We absolutely must seek converts.  Not converts that have to be a baptized Sikh, that is there own decision.  We need to make converts of people living a depressed life to a happy life.  Since the main theme in Guru Granth Sahib is sachiara hoeeah, how to live truthfully (productively, proactively, realistically), there are billions of people without direction.  There millions of religious people, but how many of them are actually spiritual.

The purpose of sharing the truth of Guru Granth Sahib, is to empower the human race for self preservation.  Our species depends upon it, upon living under one Father, Creator, goal.  And this is only done with love, true love, sachi 'ashqi.

If missionary Sikhs want to incorporate a little of Yoga exercises for health purposes and aid in relaxing, that is okay.  If people want to encourage simran waheguru waheguru wahguru, etc. that is okay as long as they also promote the study of Guru Granth Sahib, not just reciting paath incorrectly (there is no perfect paathi except God) but try to do it correctly.  We should do our best and keep an open mind.

We should not allow some of the bad Hindus dressed in Amritdhari costumes (Happy Haloween) to brainwash blind faith followers into Hinduism.  Education of Hinduism or any other religion is okay for comparative study, but not as Gurmat in all they stand for.

Khalistan, where is it?  It is the entire universe.  What is our Constitution?  We don't have one, so how can we be Kalistan? 

OUR CONSTITUTION   is Guru Granth Sahib Ji waaaaaaaaaaaaaaaahhhhhhhhh


----------



## Mai Harinder Kaur (Sep 30, 2010)

I am a Sikh.  I love being a Sikh.  In fact, it is probably the most important thing about me.

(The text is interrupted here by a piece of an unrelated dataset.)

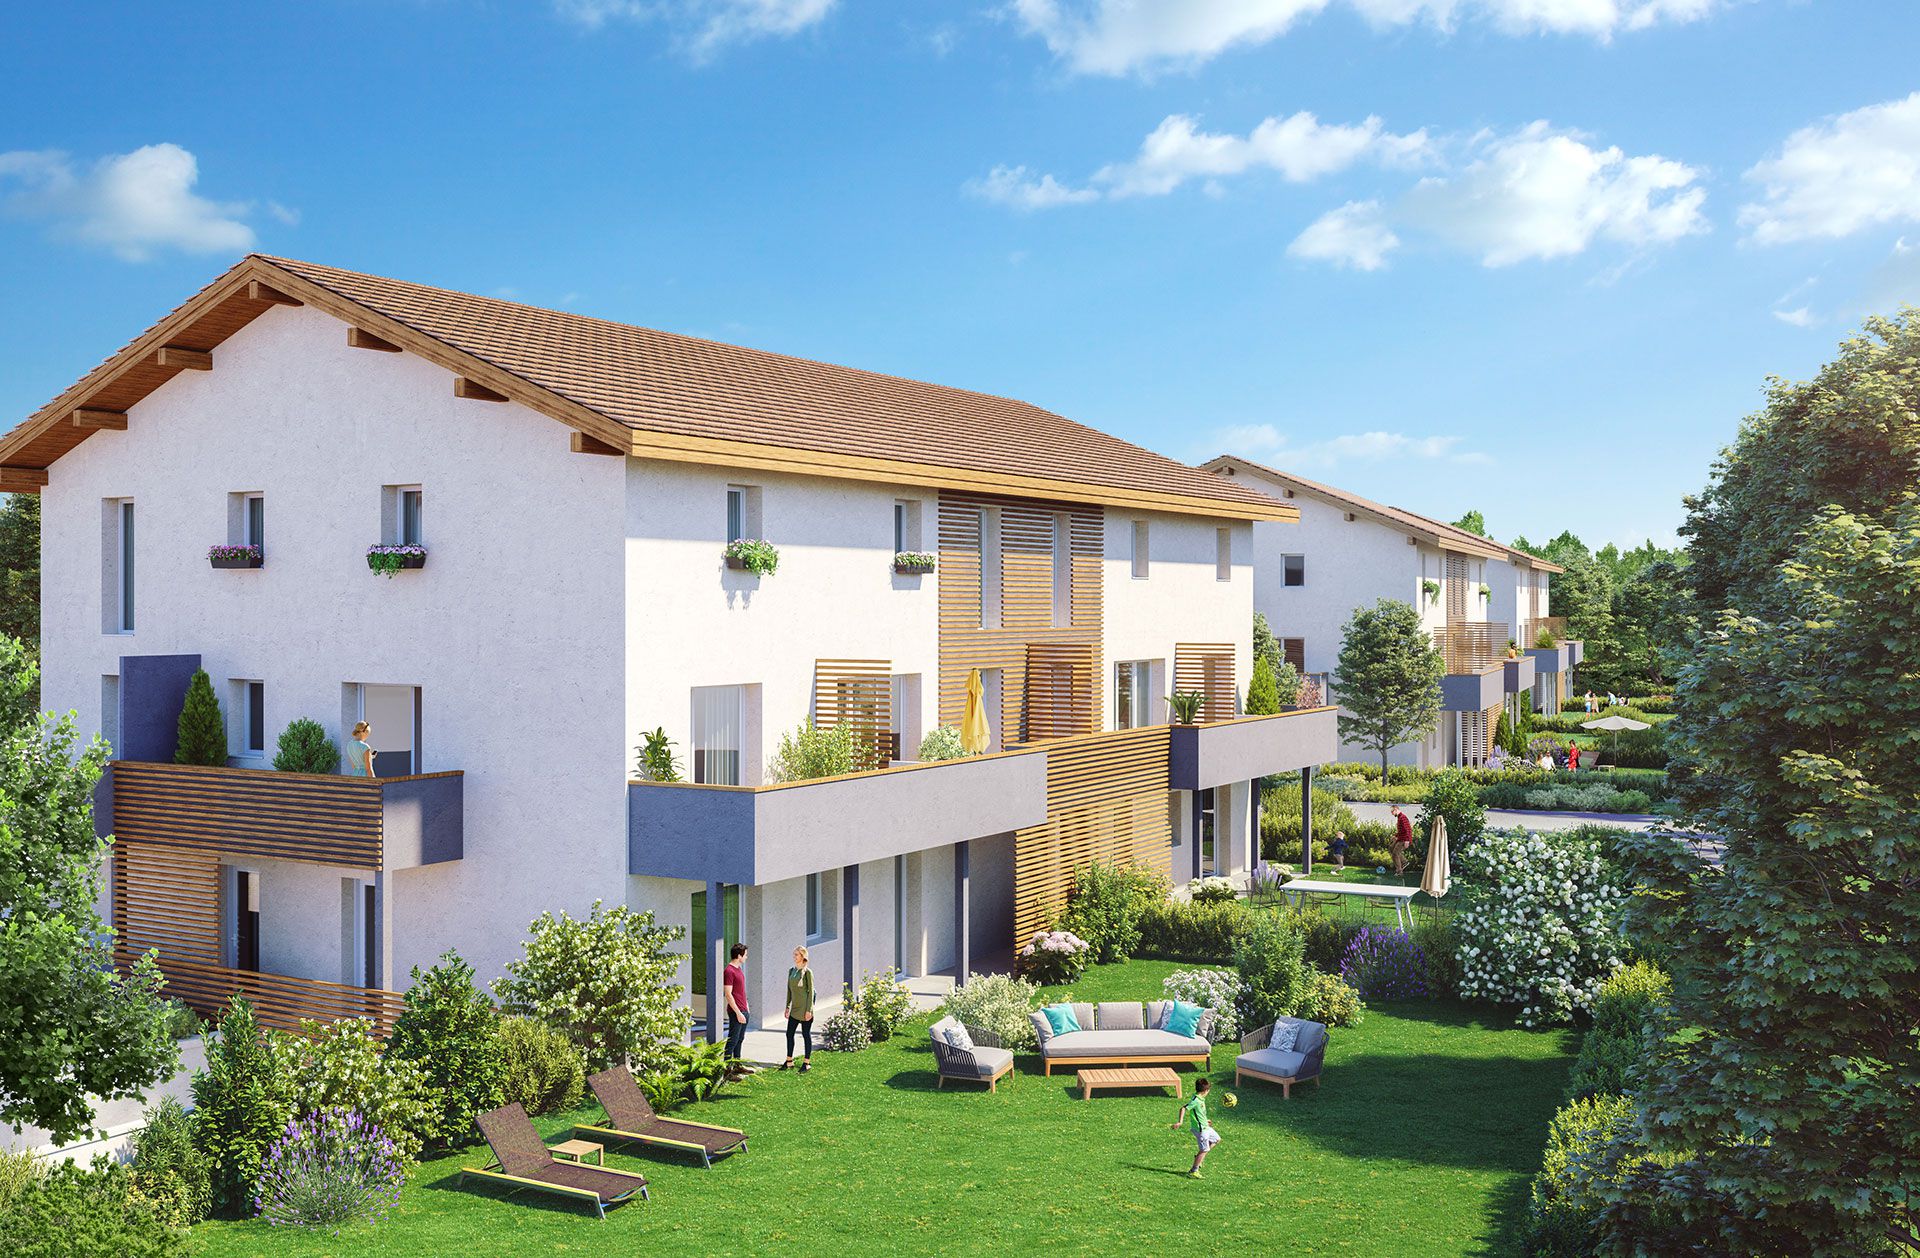 Programme immobilier EUR17 appartement à Anthy-Sur-Leman (74200) Situé dans un terrain confidentiel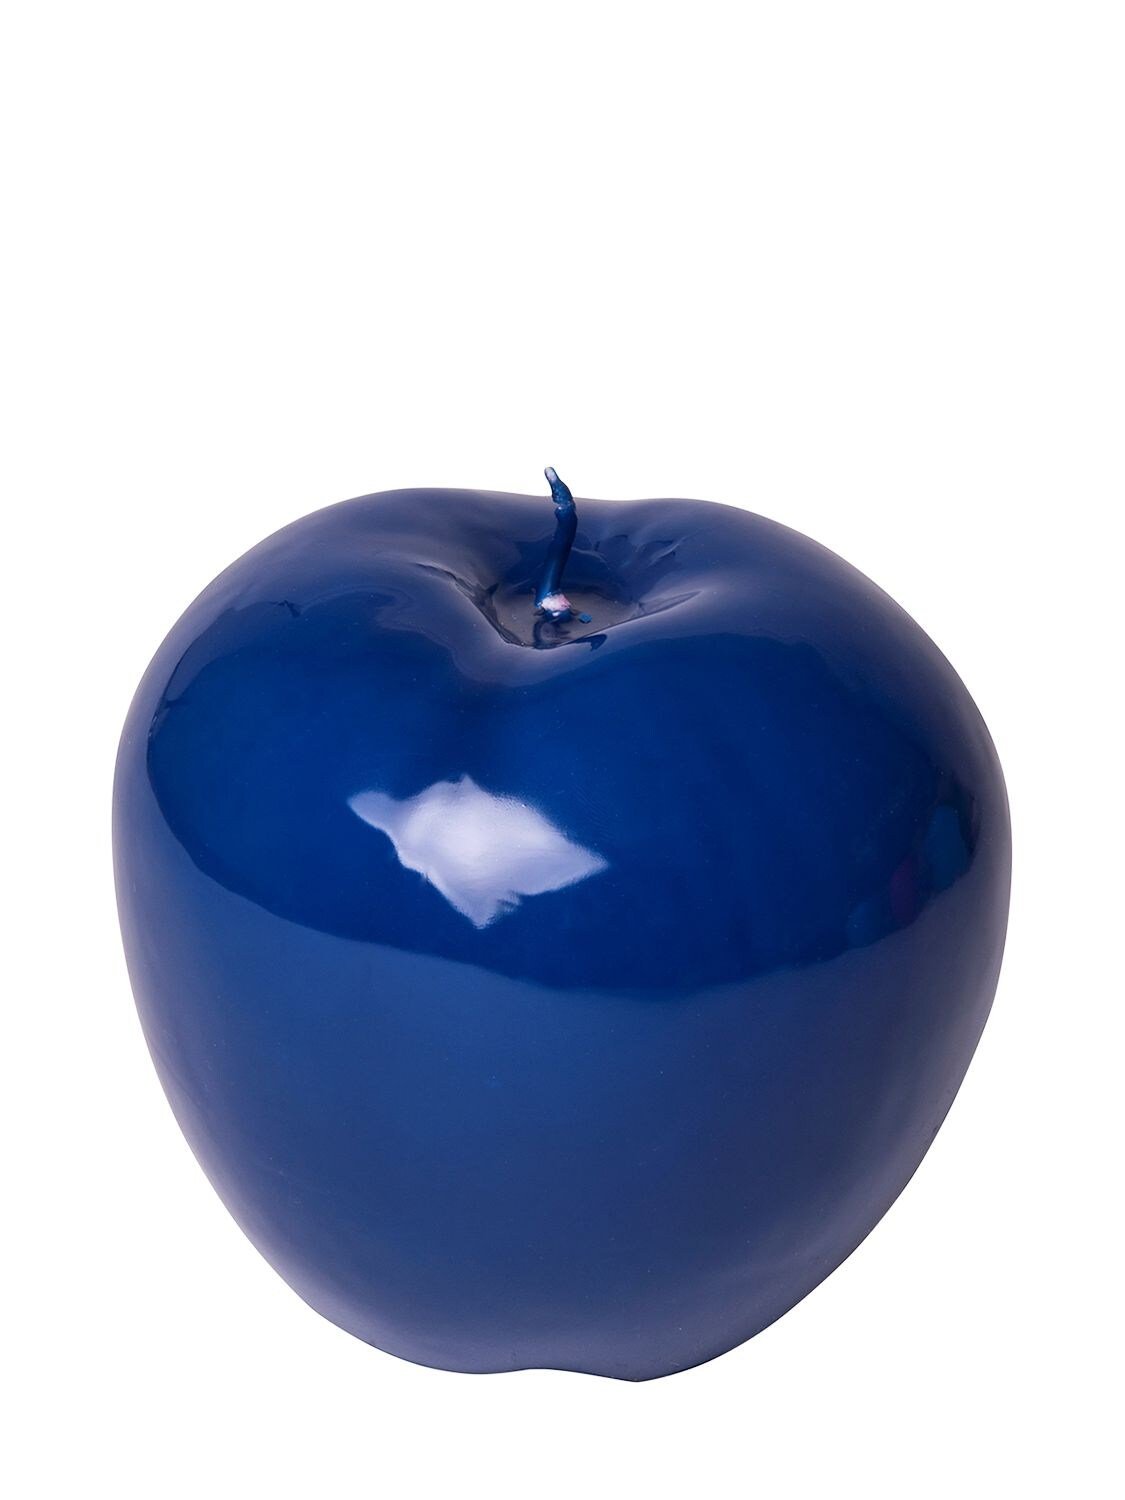 Синее яблоко. Яблоко синего цвета. Лунные яблоки. Яблоки голубого цвета. Красным яблоком луна

I personally have no hesitation in discussing Sikhi with anyone whenever the door is opened.  I find people are generally interested, although for all sorts of different reasons.  

We have a very beautiful and valuable possession in Sikhi.  It absolutely must be shared.  The world needs what we have.  Nothing is to be gained and much is to be lost by hoarding it to ourselves.

This emphatically doesn't mean shoving it down anybody's throat.  We are different from Christians and Muslims in that we do not believe that our way is the only way.  (Of course, we believe our way is the best way or we wouldn't be Sikhs, eh?  Tee hee.)cheerleader

Of course, this presupposes that we actually know and understand the tenets of our faith well enough to explain beliefs and answer questions.  I have found that many people, Christians and Muslims especially, are intrigued - and sometimes outraged - by the idea of a Deity that is _nirvair.  _I will never forget that indignant, "Your God doesn't hate sin!!!  Your God is not right-e-ous!!!!"  followed by, "Well, what happens if you cut your hair?  Doesn't God get really angry?" "No."  And on it goes.  The point is that questions will be raised and we really look stupid and, worse, uncommitted , if we can't answer them.  

So, I would say, yes, a sort of proselytizing would be good, as long as it's low-key and friendly.  I think of a friendly taxi driver who keeps a supply of books and pamphlets about Sikhi handy for those who comment on his turban or a few people who keep small pamphlets or cards on them to hand out to those interested.  No door-to-dooring.  We don't need to compete with the Mormons and the Jehovah's Witnesses or worse, be confused with them.  Just let people know who we are and what we believe and that everybody's welcome - as long as they behave themselves.   kudihug


----------



## Rupinder.Singh (Oct 1, 2010)

1. Should missionary work be pursued more energetically by Sikhs?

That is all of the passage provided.